[Opening Exercise data section]

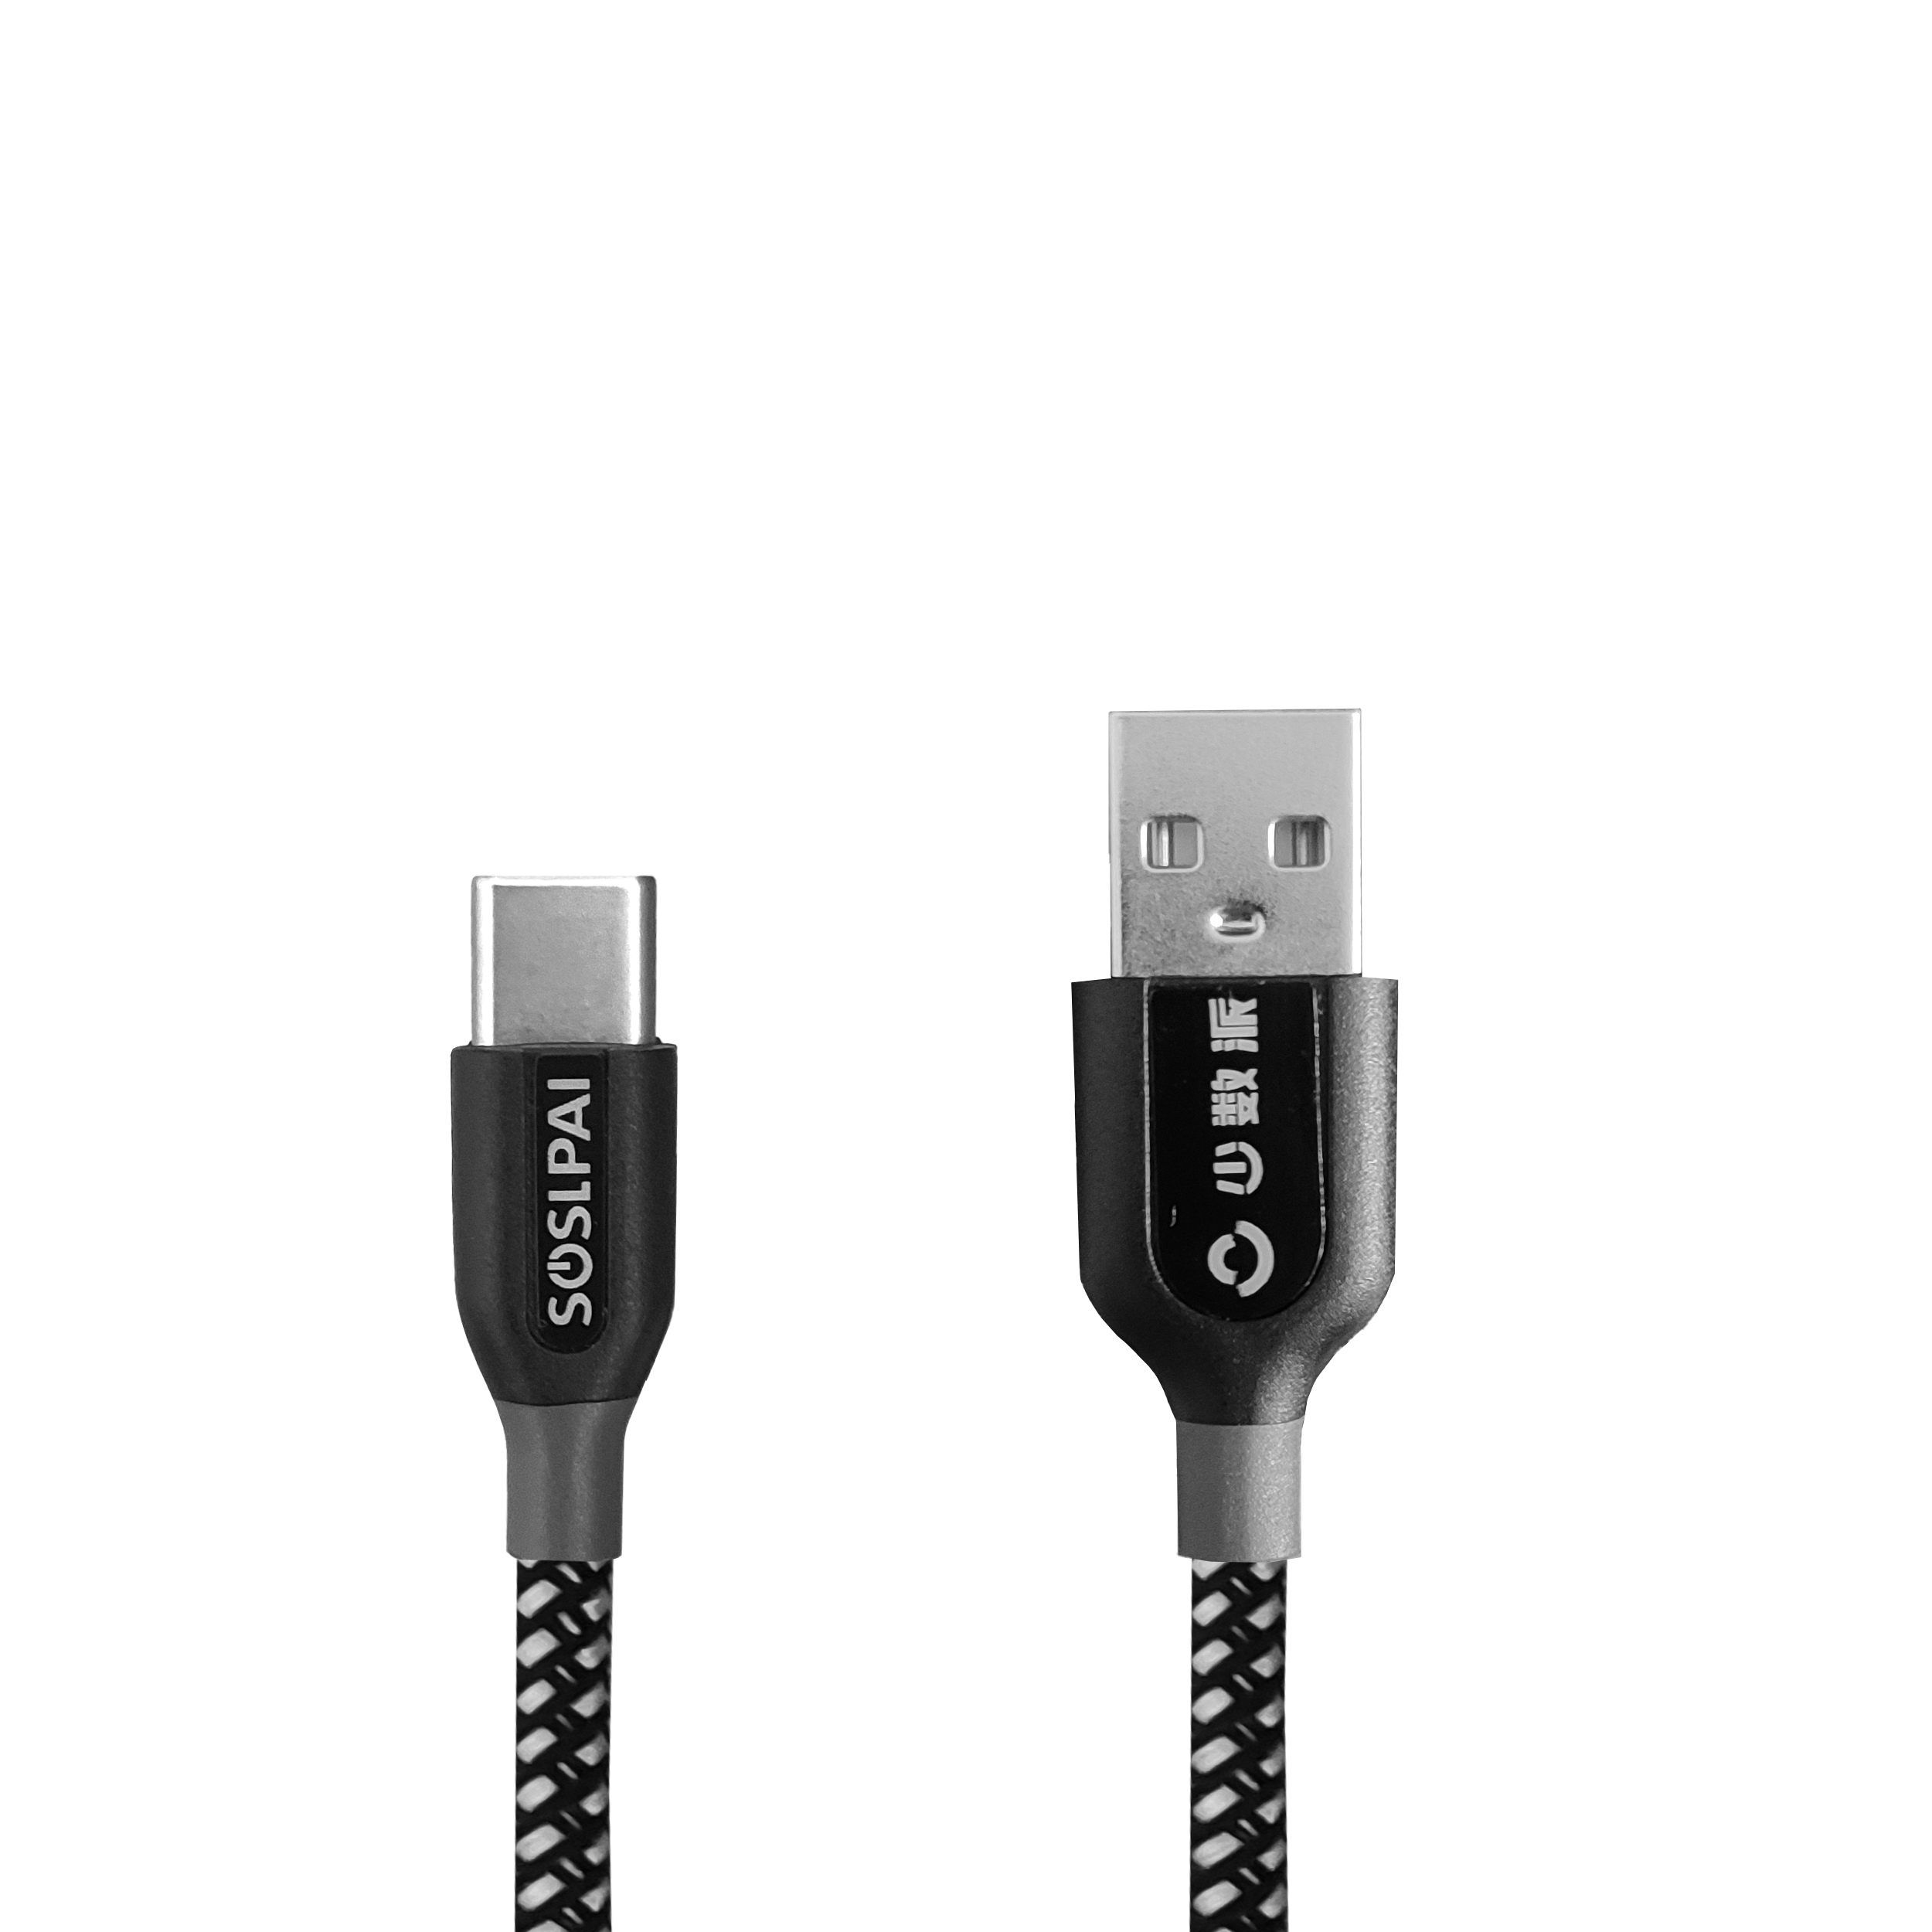  کابل تبدیل USB به USB-C سوسلپای کد s10 طول 1 متر
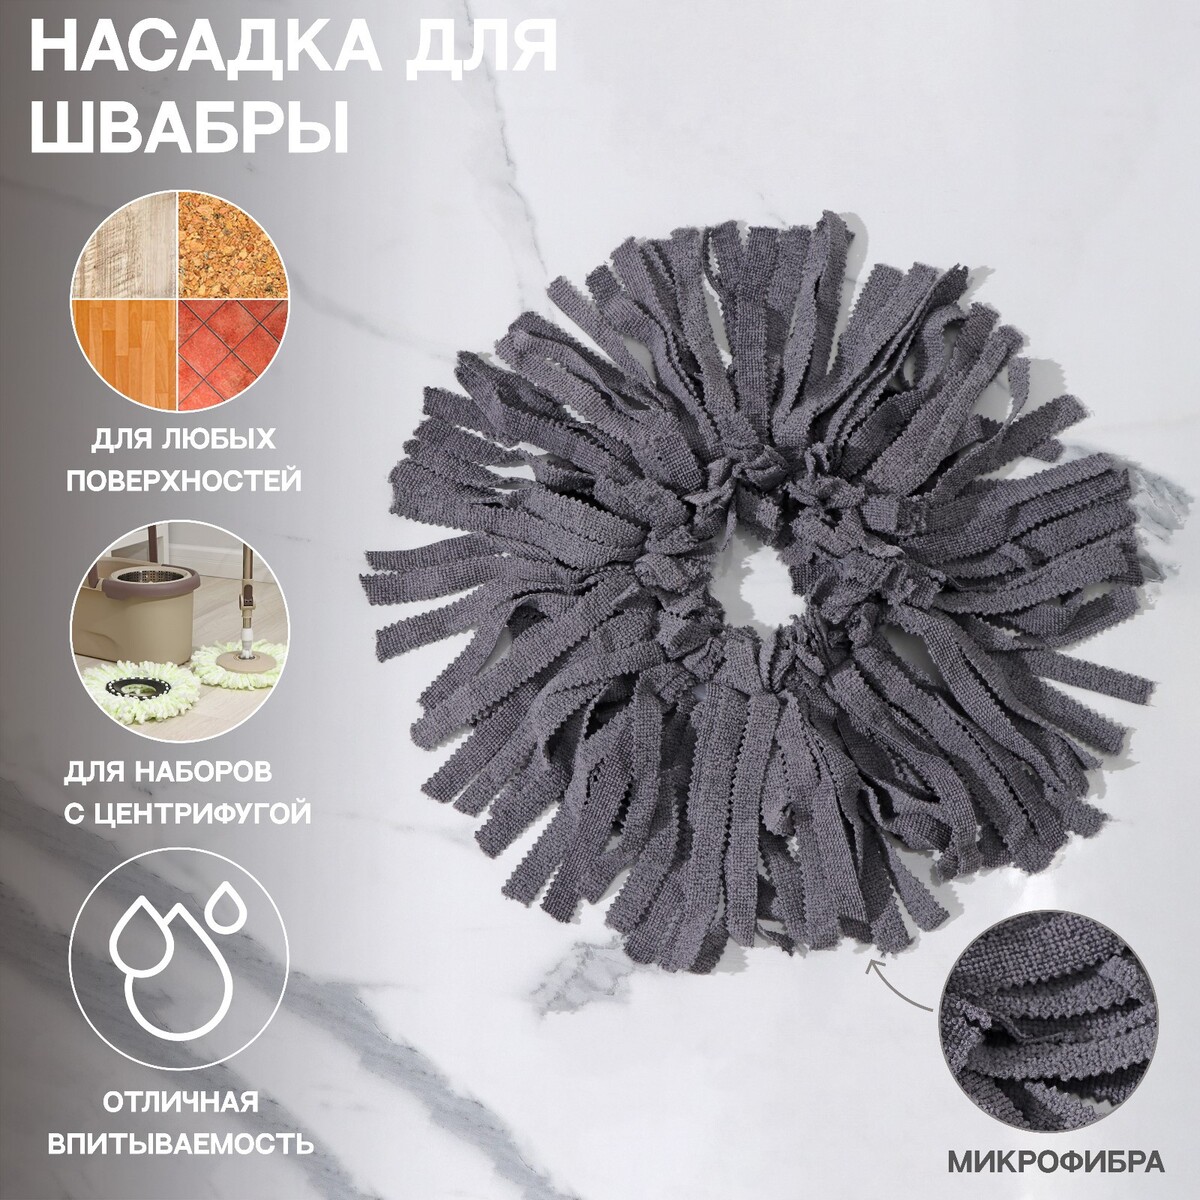 Насадка для швабры (наборы для уборки с центрифугой), кольцо 16 см, микрофибра, цвет серый насадка для швабры xl paul masquin микрофибра
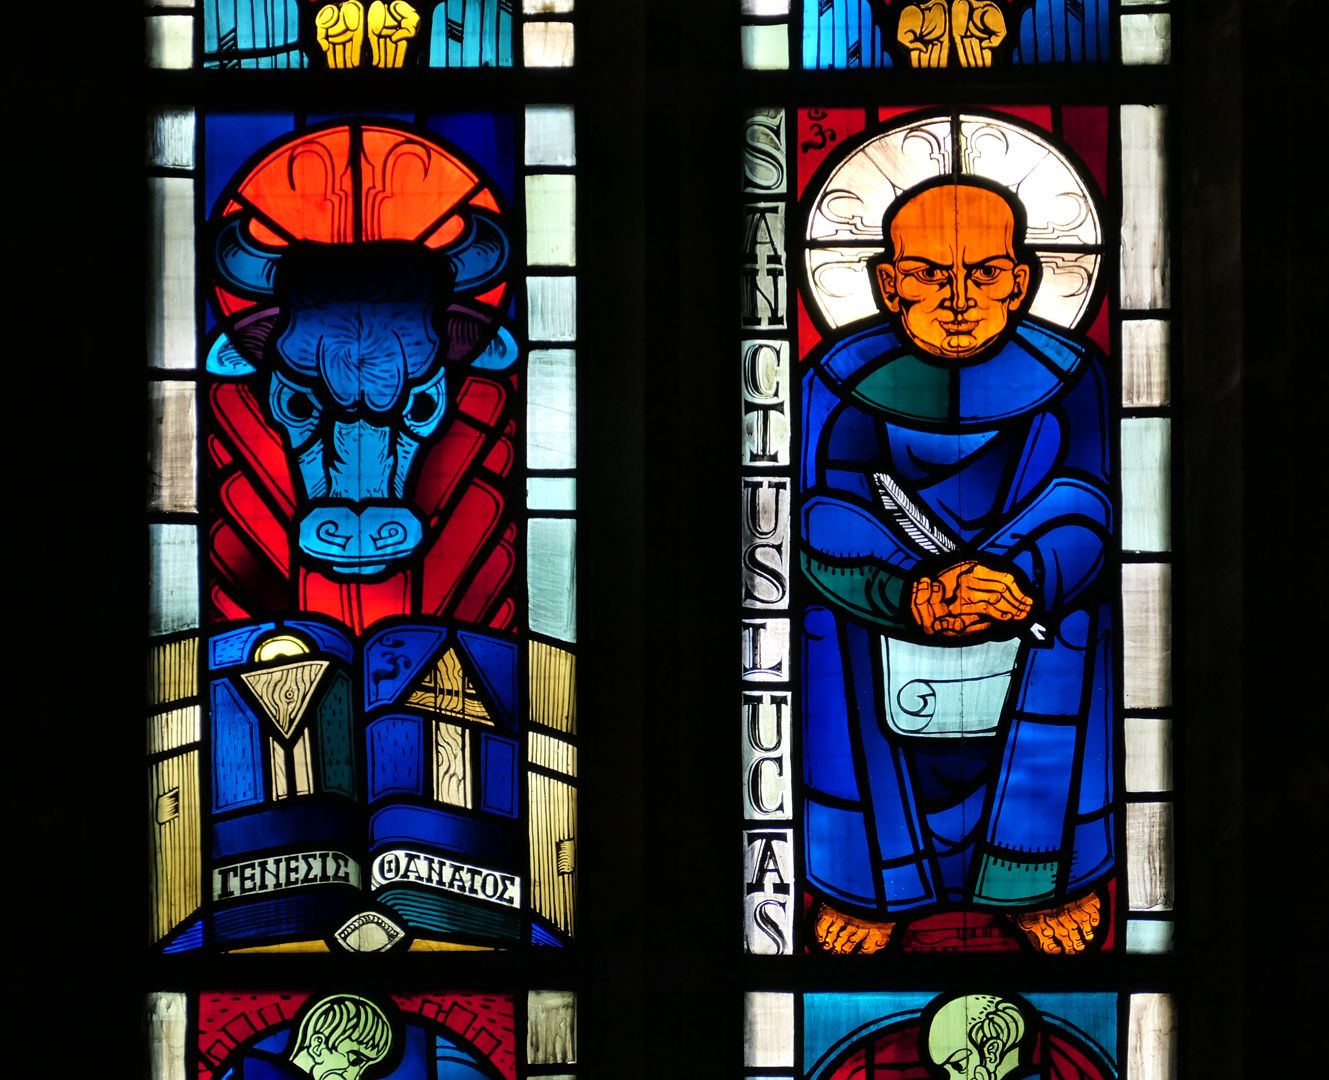 Evangelistenfenster / Lucas Der Stier und der Evangelist Lucas (links über dem Kopf und an anderer Stelle das "Om" Zeichen des Künstlers)

[Closing Exercise data section]

* _Problem to work on_
Your answer must be the full listing, copied exactly, with no pictures in it.

* _Response area_
  کابل تبدیل USB به USB-C سوسلپای کد s10 طول 1 متر
 Насадка для швабры (наборы для уборки с центрифугой), кольцо 16 см, микрофибра, цвет серый насадка для швабры xl paul masquin микрофибра
 Evangelistenfenster / Lucas Der Stier und der Evangelist Lucas (links über dem Kopf und an anderer Stelle das "Om" Zeichen des Künstlers)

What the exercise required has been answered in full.